What this task involves =
In the copy, every line of the material that follows must appear exactly, and no pictures should.

Given material =
-*-

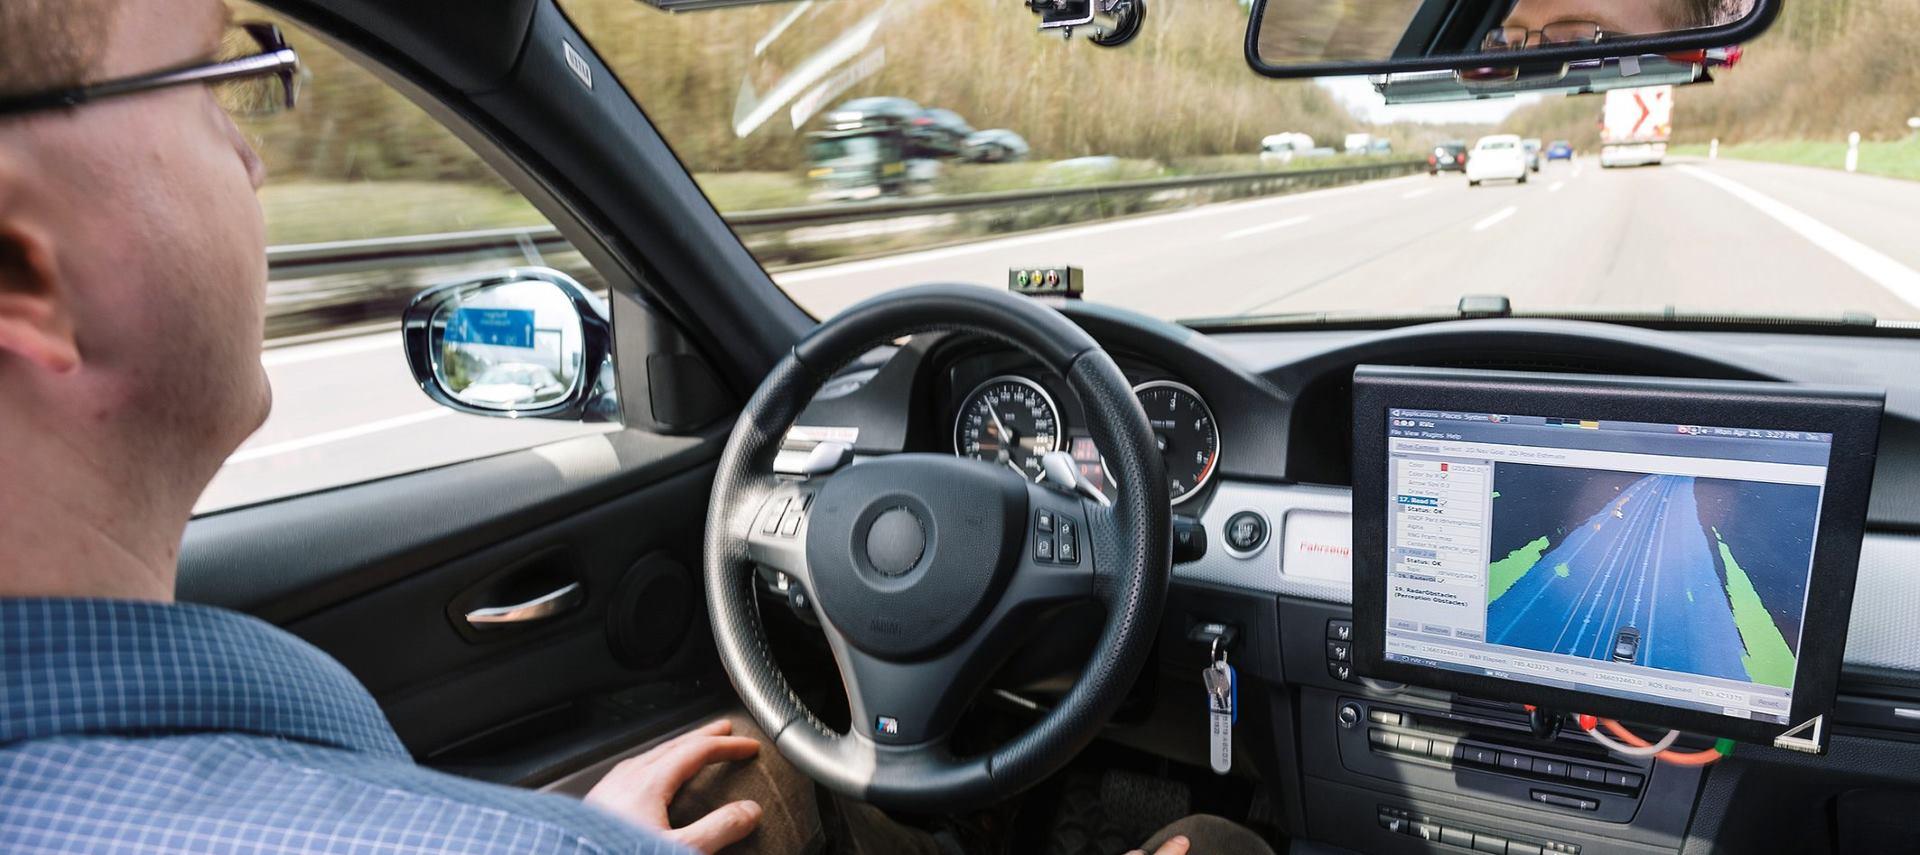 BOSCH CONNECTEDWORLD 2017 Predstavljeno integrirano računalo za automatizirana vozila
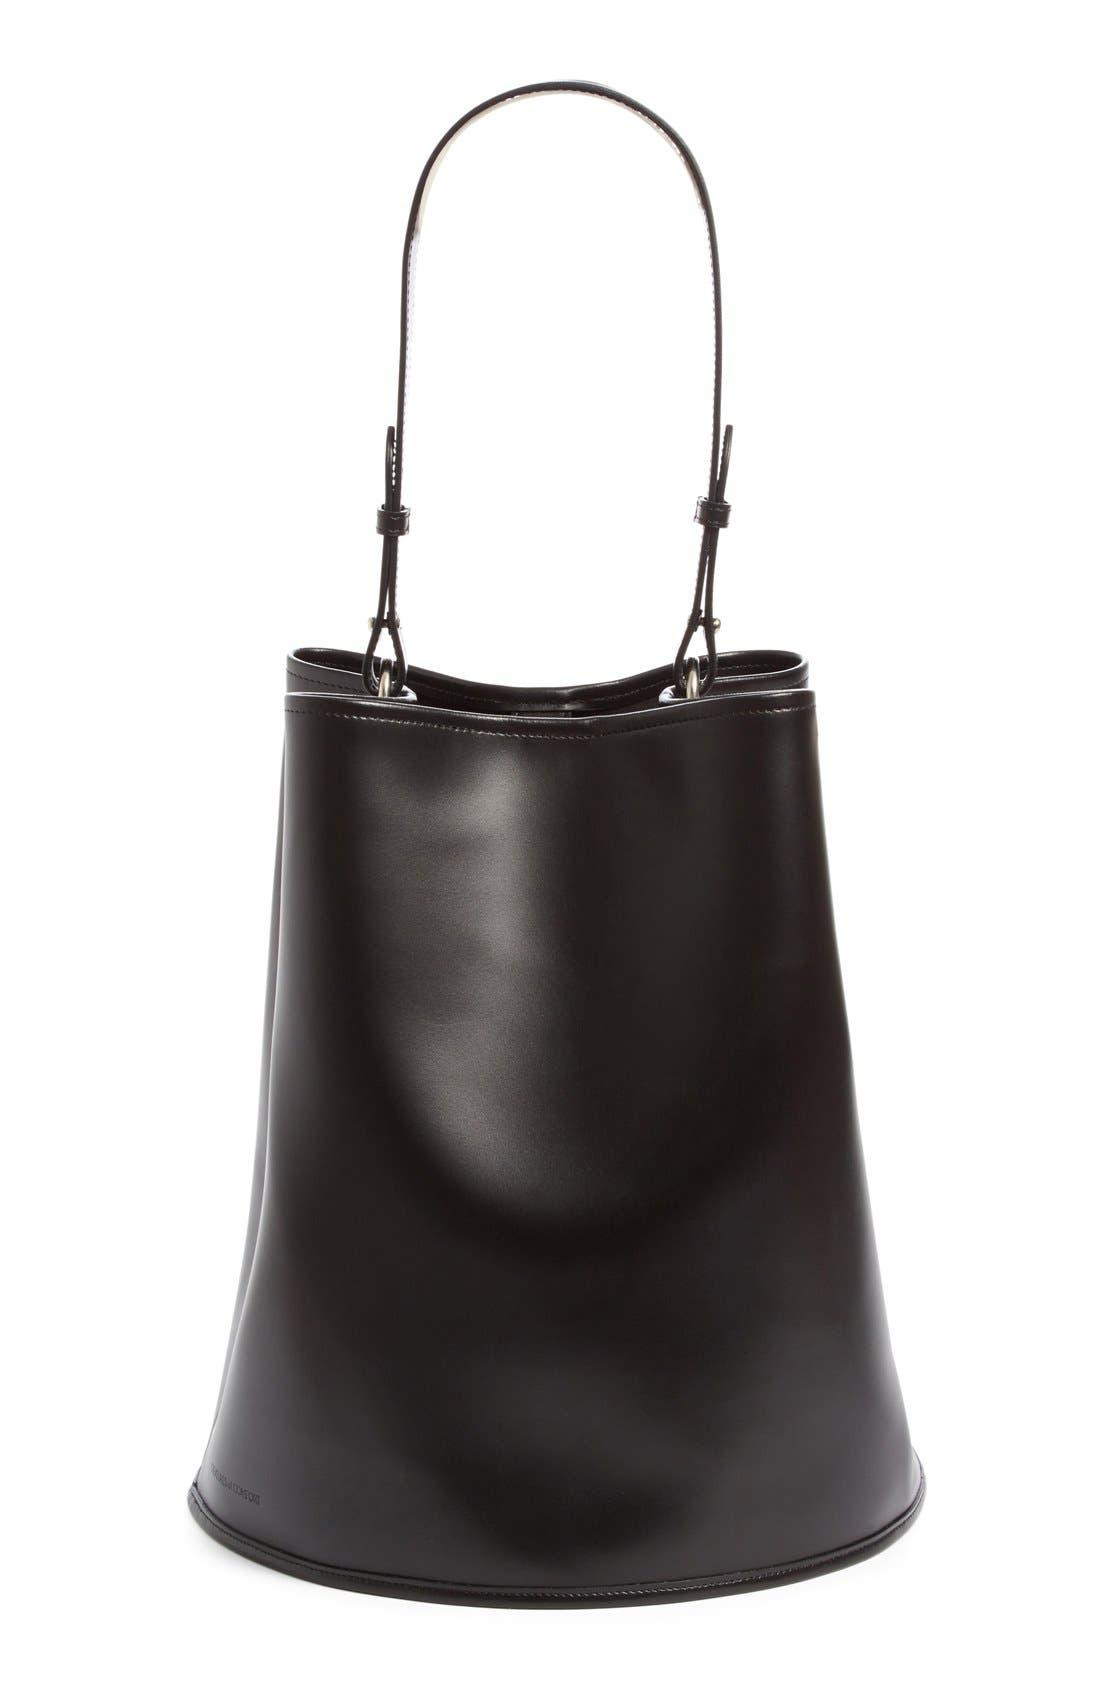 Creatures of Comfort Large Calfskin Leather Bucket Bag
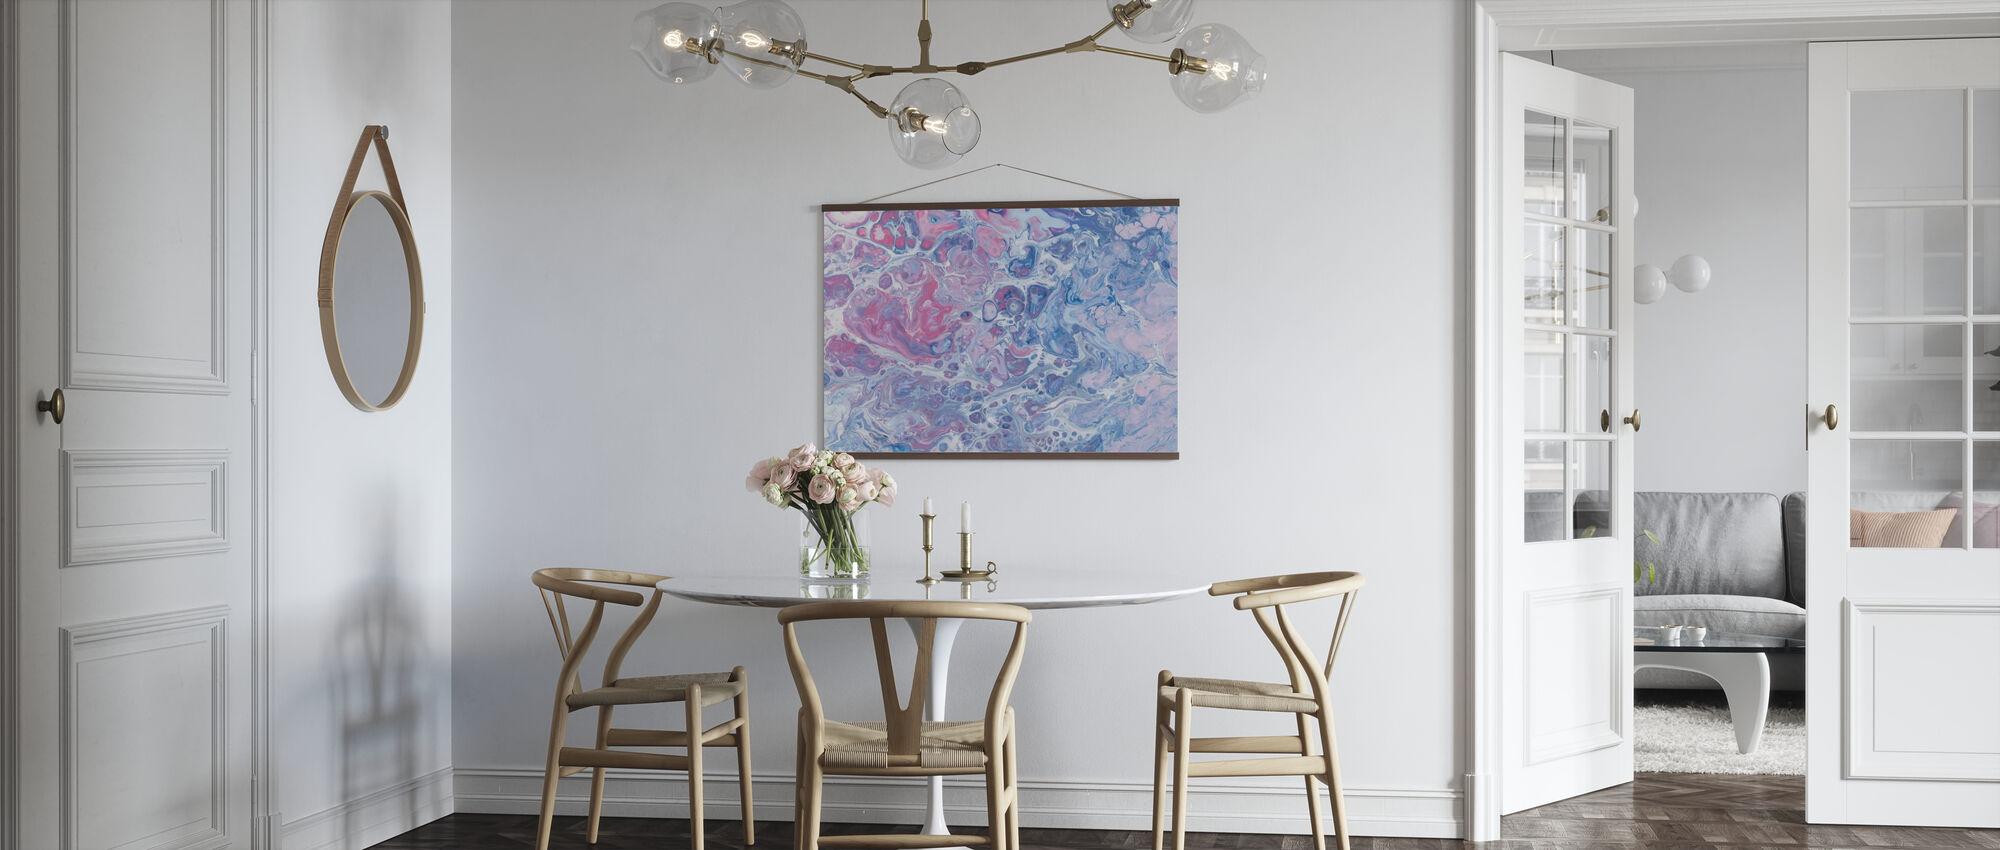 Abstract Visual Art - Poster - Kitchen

-*-

Written answer =
 BOSCH CONNECTEDWORLD 2017 Predstavljeno integrirano računalo za automatizirana vozila
 Creatures of Comfort Large Calfskin Leather Bucket Bag
 Abstract Visual Art - Poster - Kitchen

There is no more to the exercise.